3. Statistical Significance (The Math)

Don’t just run a test for 2 days. You need Statistical Power. If you have 100 visitors and 5 conversions (5%) vs 7 conversions (7%), that is noise. Use a Bayesian calculator. We typically require:

Minimum Sample: 1,000 visitors per variant.
Duration: 2 full business cycles (2 weeks). The Peeking Problem: Don’t stop the test the moment it looks green. This is “P-hacking”. Commit to the duration before you start.

4. The SEO Impact (Google Safety)

Google hates duplicate content. If you have / and /variant-b, use canonical tags. Point both valid versions to the Canonical URL /. Or, since we are doing Edge Rewrites, the URL stays / for the user. GoogleBot will usually see the Control (unless it persists cookies). Warning: Don’t “Cloak” (Show Google one thing and users another). Google checks the rendered JS. Edge testing is safer because it serves distinct server responses.

5. Feature Flags vs A/B Tests

Feature Flag: “Turn on the new checkout for 10% of users to test for bugs.” (Safety).
A/B Test: “Show a Red Button vs Blue Button to test conversion.” (Growth). We use tools like LaunchDarkly or Statsig to manage both. They share the same underlying logic (Conditional Rendering), but the Intent is different. Feature Flags are for Engineering. A/B Tests are for Product.

6. The Flicker Analysis (UX Cost)

If you use Client-Side A/B testing… And your flicker is 500ms… You lose 10% of users before they even see the variant. Your data is corrupted. You are testing “Control vs (Variant + Delay)”. You are not testing “Control vs Variant”. Edge testing removes the Delay variable. It is the only scientific way to test.

7. The Holdout Group

If you run 10 experiments at once… how do you know the total impact? Create a Global Holdout Group. 5% of users never see any experiment. Compare the “All Experiments” group vs the “Holdout” group after 6 months. This proves the long-term value of your CRO program.

9. The Metrics that Matter (Beyond Click Rate)
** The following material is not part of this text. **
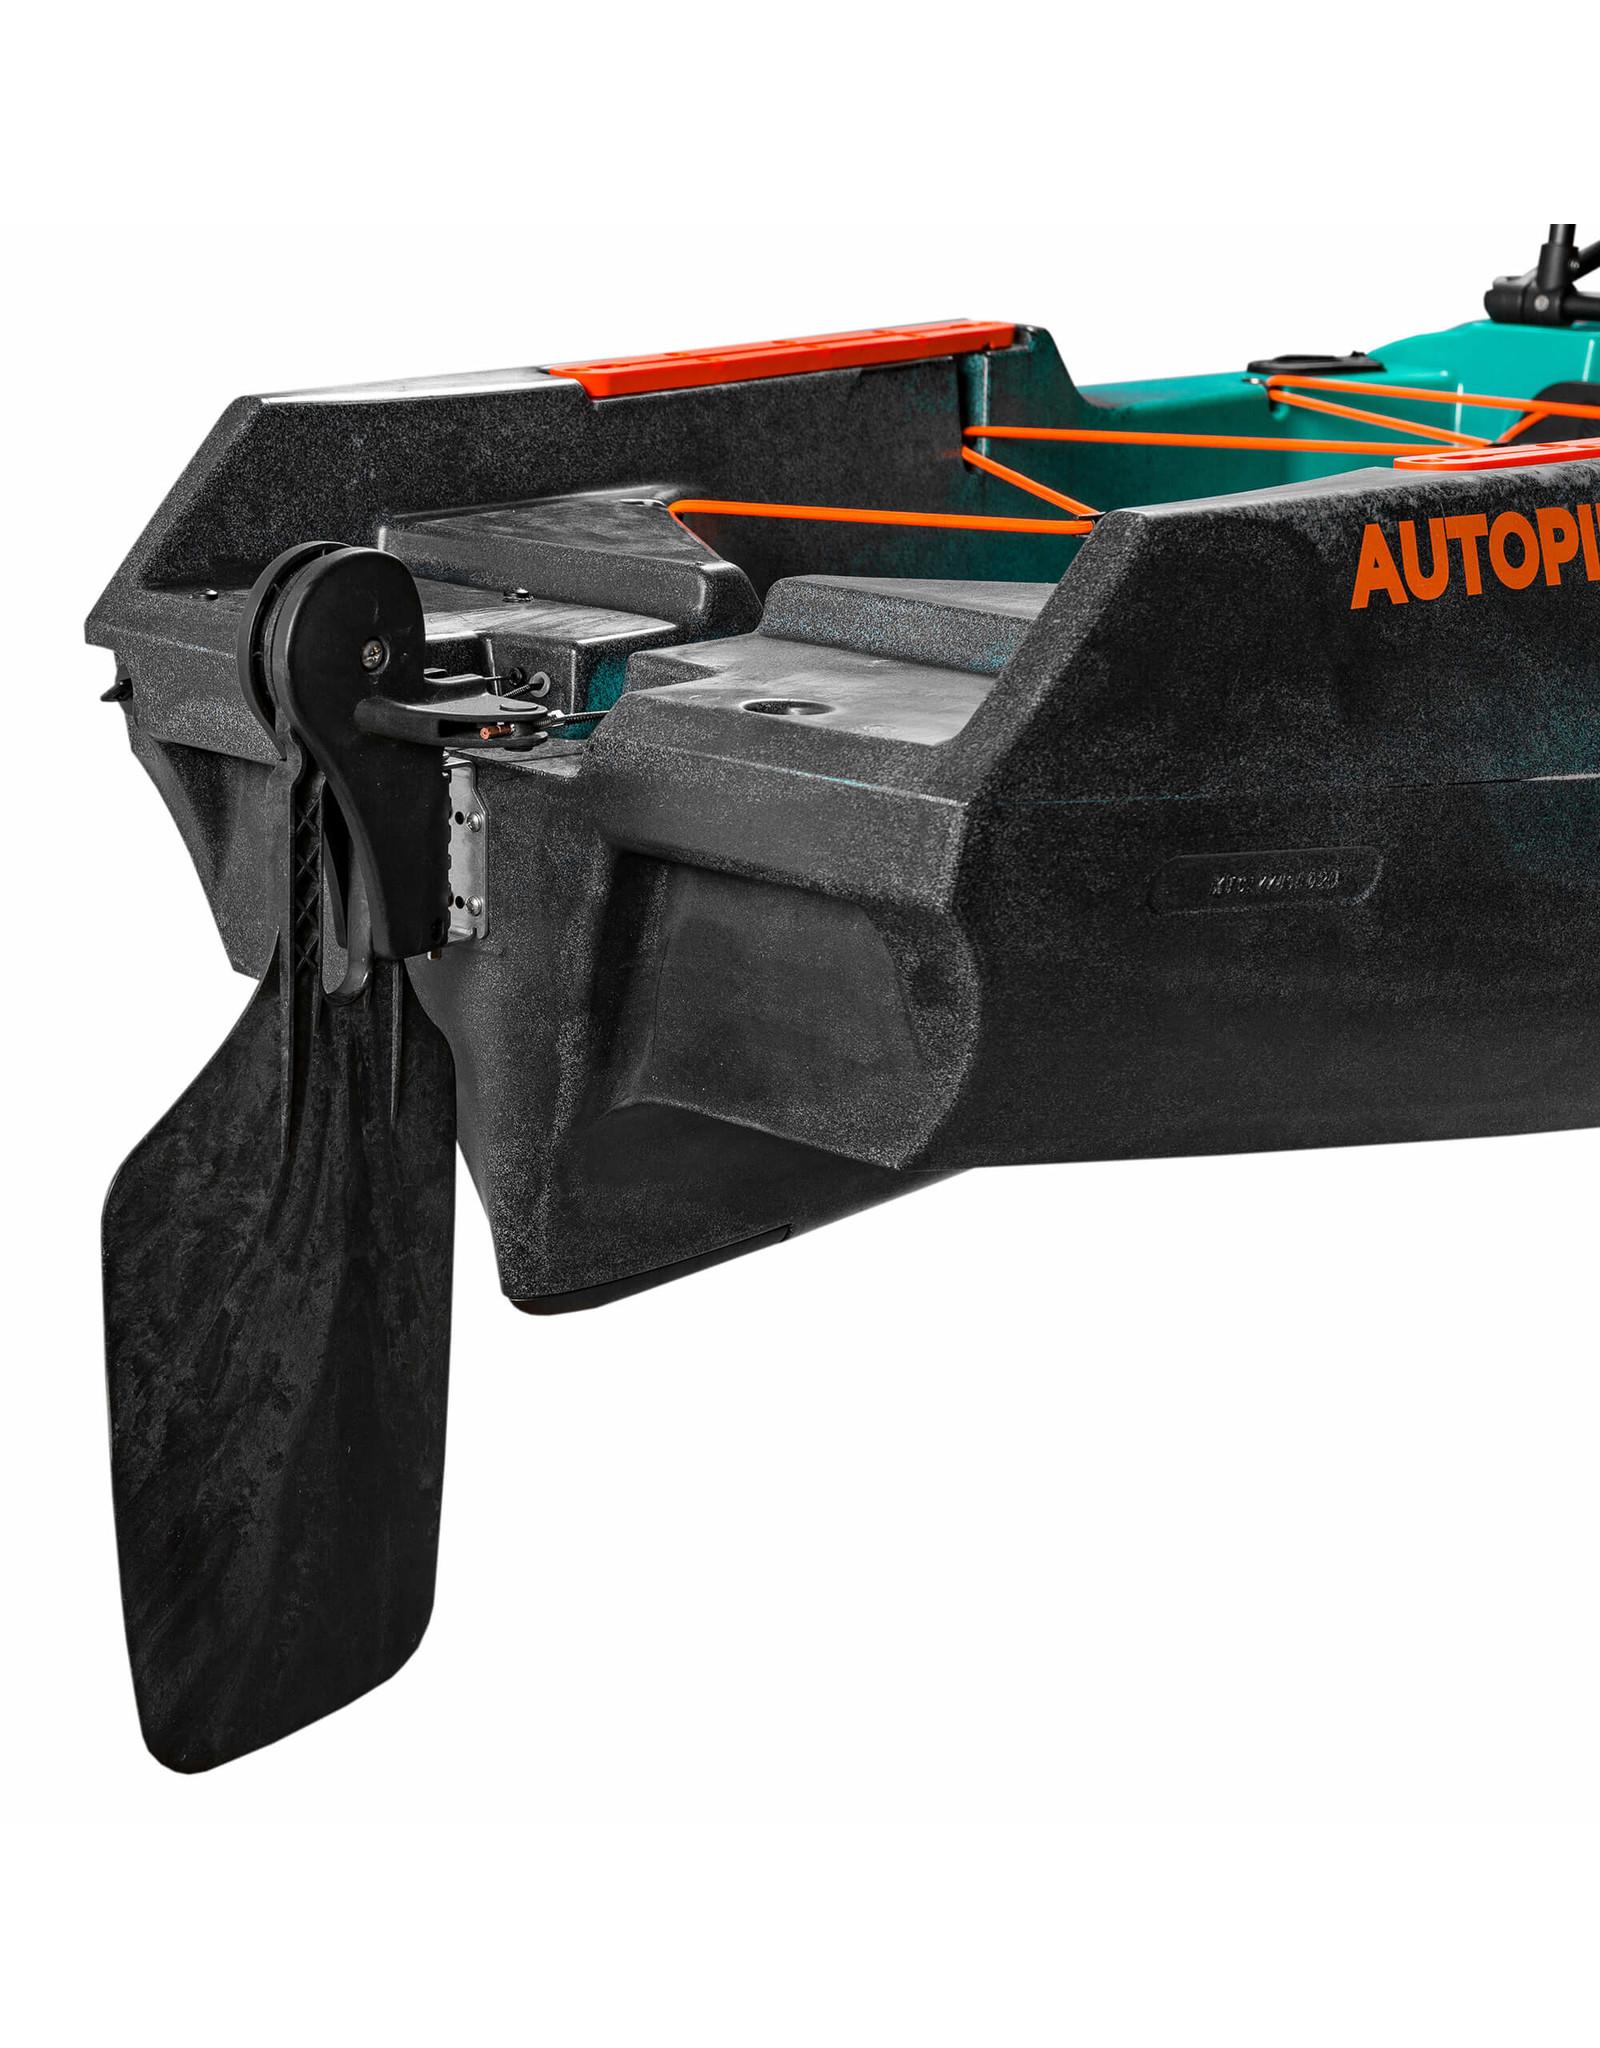 Old Town Old Town kayak Sportman AutoPilot 120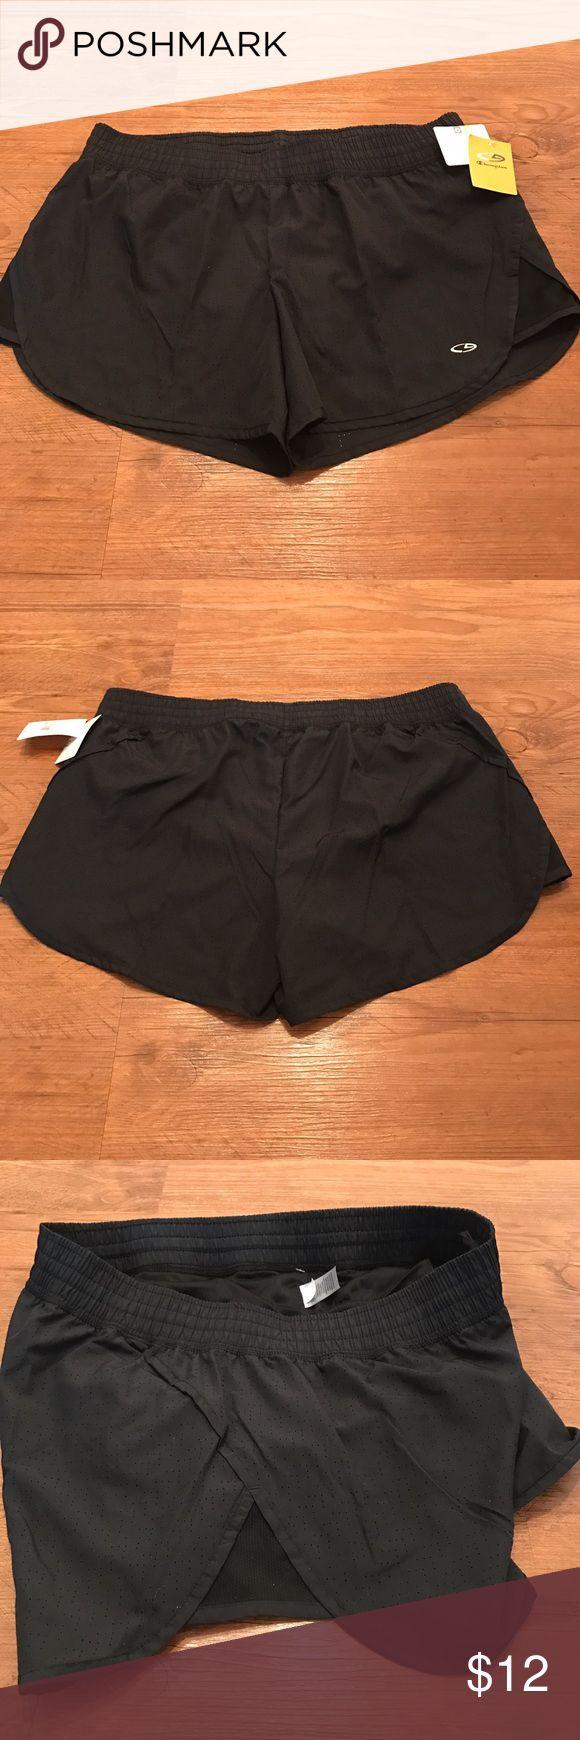 "Champion Duo Dry Black Running Shorts Size L Champion Duo Dry black running shorts NEW With Tags, 17"" across waist, 13"" Rise Champion Shorts"

Don’t just measure “Clicks”. This is a vanity metric. Measure Revenue per Visitor (RPV). Variant A might have fewer clicks, but higher AOV (Average Order Value). If you optimize for Clicks, you might just be creating “Clickbait”. We track:

Conversion Rate: Did they buy?
AOV: How much did they spend?
RPV: Combined value.
Retention: Did they come back?

10. The Segmented Test (Personalization)

A/B testing on “All Users” is blunt. Test on Segments.

Test A: Show “Free Shipping” to returning VIPs.
Test B: Show “10% Off” to new visitors. Different cohorts behave differently. Use Edge Middleware to detect the segment (via Cookie or Geo) and serve the appropriate test. “One size fits all” is dead.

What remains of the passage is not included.